Arasu ( Kingdom) is a 2003 Indian Tamil-language masala film written and directed by Suresh and produced by Babu Raaja. The film stars Sarathkumar, Simran, and Roja, while Sai Kumar, Vadivelu, Delhi Ganesh and Riyaz Khan play supporting roles. The score and soundtrack was composed by Mani Sharma. The film released on 14 April 2003 and was a commercial success.

Plot
The movie starts with Thirunavukkarasu(alias Arasu) murdering a person in Mumbai. Soon, the story shifts to Kumbakonam where Arasu is employed in a temple by Venu Shastri, and stays in Pichumani's house. Arasu's calm nature and responsible behaviour impresses everyone in the locality. Meera, Venu Shastri's daughter, falls in love with Arasu. One day, Arasu sees the news about the release of a criminal from jail and gets angered.
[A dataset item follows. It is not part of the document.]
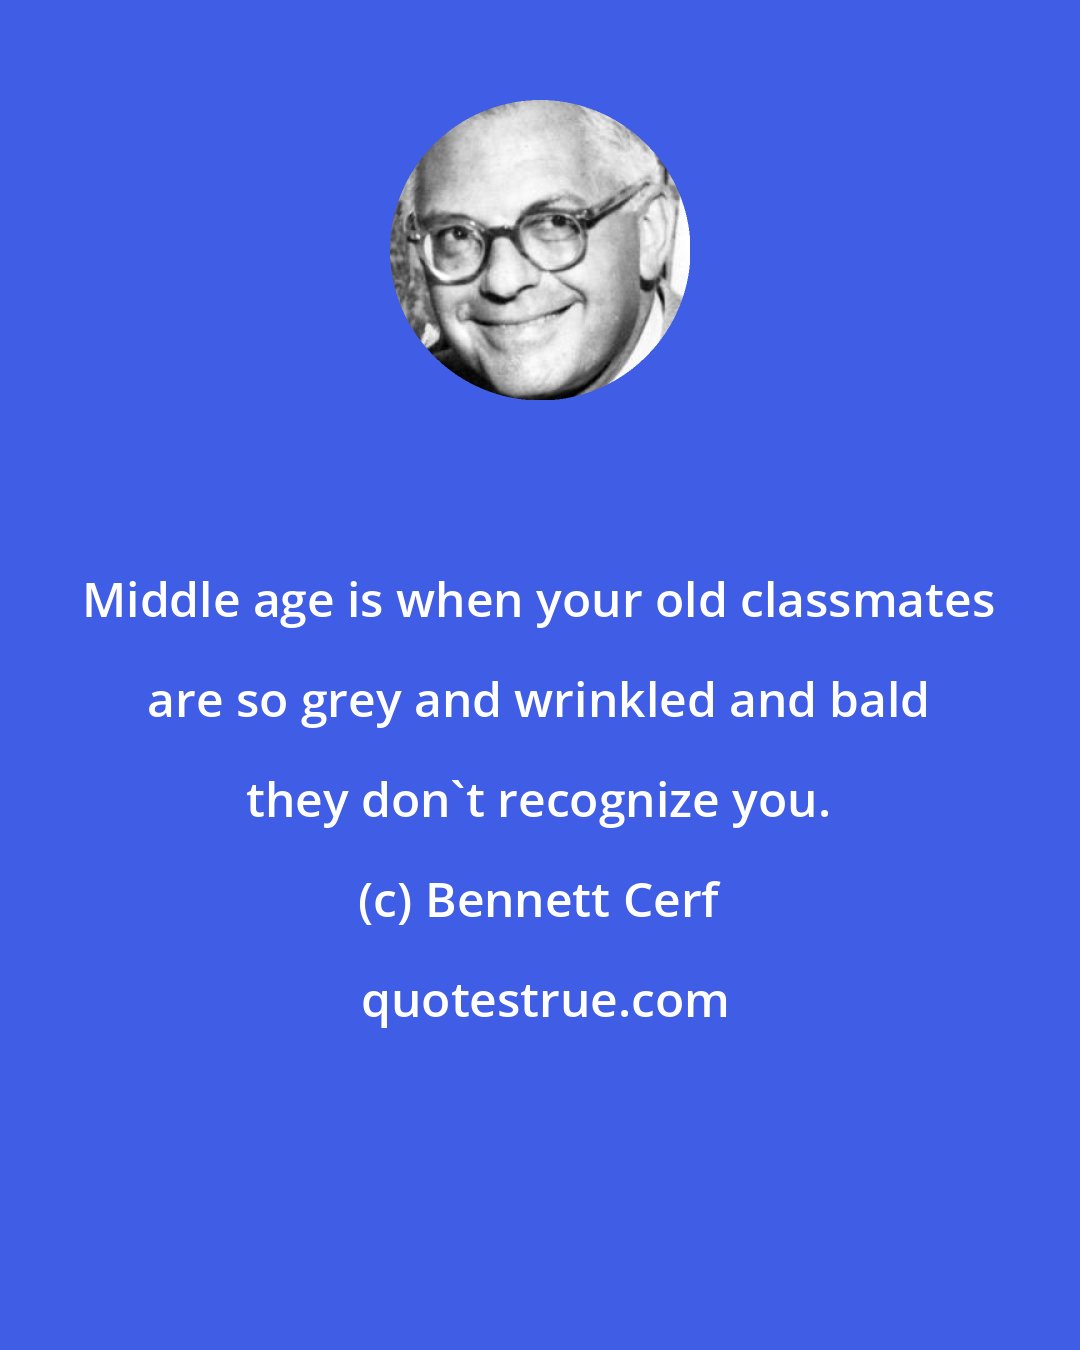 Bennett Cerf: Middle age is when your old classmates are so grey and wrinkled and bald they don't recognize you.

He also kills the criminal with the help of a few men. The murder is witnessed by Meera and Venu Shastri.

Everyone in Kumbakonam gets shocked upon knowing that Arasu is a murderer. Arasu meets Venu Shastri's family to disclose the truth. A flashback is shown where Arasu is the only son of Nataraj, who is fondly called Periyavar by his followers in Chennai. Periyavar is a good-natured don striving hard for the welfare of the poor and slum dwellers in Chennai. He is married to Sivagami and they lead a happy life with Arasu.
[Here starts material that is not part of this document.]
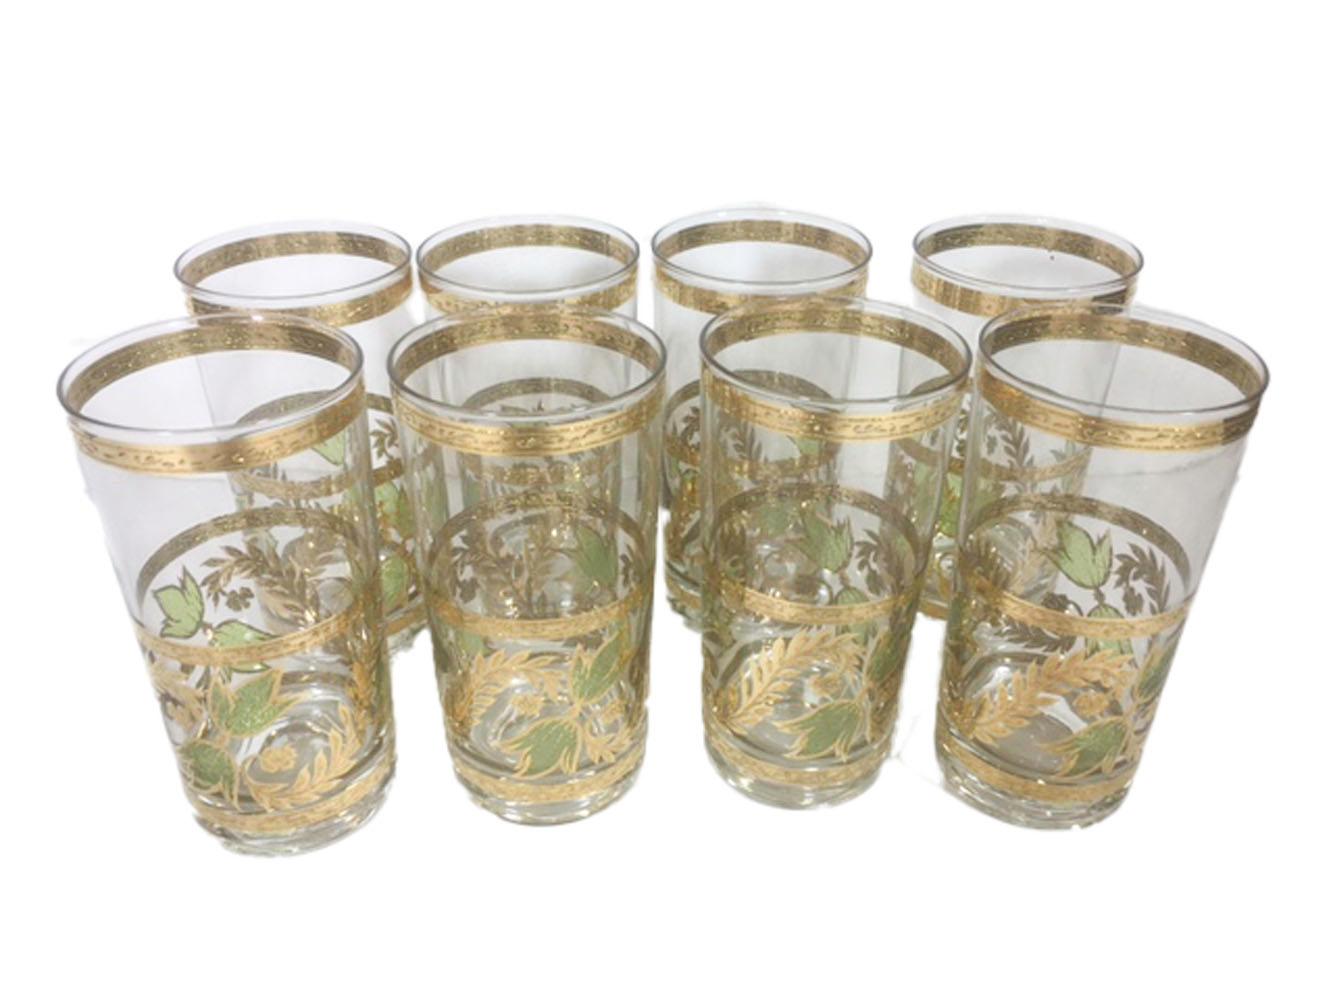 Vintage Mid-Century Modern highball glasses by Culver LTD. decorated with 22 karat gold and translucent green enamel. The lower half of the glass with a wide band of gold vines with green enamel leaves. All in excellent condition.

Sabapathy is a rich business tycoon who goes to any extent for earning money. Trouble erupts between Sabapathy and Periyavar, following which Sabapathy is arrested and sentenced to imprisonment for his illegal activities which led to the deaths of a few young girls. As a means of revenge, Sabapathy's brother Gunashekharan and his henchmen kill Periyavar and Sivagami. Arasu is angered and vows revenge against Sabapathy and his men. Hearing this, Venu Shastri and Meera understand Arasu's position and decide to save him by not disclosing his whereabouts to policemen.

Despite all the attempts by police to arrest Arasu, he successfully kills Sabapathy and Gunashekharan and surrenders to the police. He is sentenced to imprisonment and gets released after five years. In the end, he comes to meet Meera, and both get united.

Cast

Sarath Kumar as Arasu (Thirunavukkarasu) and Periyavar Nataraj (dual role) 
Simran as Meera, Arasu's love interest
Roja as Sivagami, Periyavar's wife and Arasu's mother
Sai Kumar as Sabapathy, the main villain
Vadivelu as Pichumani
Delhi Ganesh as Venu Shastri, Meera's father
Bharat Murali as Police officer
Bhanu Chander
Sudha as Meera's mother
Riyaz Khan as Gunashekharan, Sabapathy's brother
Manivannan as Rahim Bhai
Bharathi as Meera's friend
Minnal Deepa as Thenmozhi
Kottachi as Photographer 
Chitti Babu as Lawyer
Sampath Ram 
Kiran Rathod in an item number

Soundtrack 
These five songs in Arasu were composed by Mani Sharma. Sharma later reused "Malligai Malligai" as "Chinnaga Chinnaga" for Telugu film Tagore.

Production
The film marked the debut of Suresh who had worked with directors like N. Maharajan (Vallarasu), Dharani, and Lingusamy.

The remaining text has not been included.